Energy Consumption of Telecommunication Networks and Related Improvement Options

In this study, energy consumption of a universal network operators broadband telecommunication (TC) network, including the home networks that are required for the use of services over a period of approximately one decade is predicted, whereby it is assumed that no measures for an energy-efficiency increase are taken. It becomes obvious that home networks consume the largest share of energy in TC networks. Concerning the network sections under the responsibility of network operator, highest energy consumption shares are observed in the fixed and mobile access networks with a huge number of distributed network elements in the field. The highest energy consumption growth rates are foreseen in the data centers and IP backbone networks. Methods for reducing energy consumption are being classified and metrics for energy-related assessment of networks are compared. Furthermore, challenges and opportunities for energy-related improvements are discussed with respect to different network sections. A projection into the future shows high-energy-saving potential when combining different energy-reducing methods, such as load-adaptive networking and energy-aware system design. A brief view on related standardization activities shows high interest of standardization bodies in energy consumption of TC networks and confirms its current importance.

Effects of network node consolidation in optical access and aggregation networks on costs and power consumption

The increasing demand for higher bit rates in access networks requires fiber deployment closer to the subscriber resulting in fiber-to-the-home (FTTH) access networks. Besides higher access bit rates optical access network infrastructure and related technologies enable the network operator to establish larger service areas resulting in a simplified network structure with a lower number of network nodes. By changing the network structure network operators want to benefit from a changed network cost structure by decreasing in short and mid term the upfront investments for network equipment due to concentration effects as well as by reducing the energy costs due to a higher energy efficiency of large network sites housing a high amount of network equipment. In long term also savings in operational expenditures (OpEx) due to the closing of central office (CO) sites are expected. In this paper different architectures for optical access networks basing on state-of-the-art technology are analyzed with respect to network installation costs and power consumption in the context of access node consolidation. Network planning and dimensioning results are calculated for a realistic network scenario of Germany. All node consolidation scenarios are compared against a gigabit capable passive optical network (GPON) based FTTH access network operated from the conventional CO sites. The results show that a moderate reduction of the number of access nodes may be beneficial since in that case the capital expenditures (CapEx) do not rise extraordinarily and savings in OpEx related to the access nodes are expected. The total power consumption does not change significantly with decreasing number of access nodes but clustering effects enable a more energyefficient network operation and optimized power purchase order quantities leading to benefits in energy costs.

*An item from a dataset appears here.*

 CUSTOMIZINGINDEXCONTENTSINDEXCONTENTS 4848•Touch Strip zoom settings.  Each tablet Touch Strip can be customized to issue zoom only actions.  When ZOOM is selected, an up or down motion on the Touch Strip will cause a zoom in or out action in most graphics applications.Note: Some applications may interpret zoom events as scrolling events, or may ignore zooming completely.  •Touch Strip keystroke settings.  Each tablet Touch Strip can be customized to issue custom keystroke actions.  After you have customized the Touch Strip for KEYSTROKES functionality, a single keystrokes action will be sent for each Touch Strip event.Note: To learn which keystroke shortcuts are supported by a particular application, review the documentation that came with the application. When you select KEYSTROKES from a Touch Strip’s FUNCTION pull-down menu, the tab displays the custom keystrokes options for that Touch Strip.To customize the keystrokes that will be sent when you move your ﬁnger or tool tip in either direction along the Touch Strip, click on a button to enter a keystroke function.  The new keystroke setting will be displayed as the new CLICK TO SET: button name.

Comprehensive topology and traffic model of a nationwide telecommunication network

As a basis for meaningful simulation and optimization efforts with regard to traffic engineering or energy consumption in telecommunication networks, suitable models are indispensable. This concerns not only realistic network topologies but also models for the geographical distribution and the temporal dynamics of traffic, as well as the assumptions on network components and technology. This paper derives such a model from the practice of a large national carrier. Applying the network and traffic model, we demonstrate its use by presenting various optimization cases related to energy-efficient telecommunication. Here, we focus on load adaptivity by employing sleep modes to the network hardware, where several constraints on the reconfigurability of the network over time are considered.

Energy footprint of telecommunication networks

The energy consumption of telecommunication networks is forecasted over approximately a decade. The results show a high energy consumption share associated with the home networks and an overall growth if no countermeasures are taken.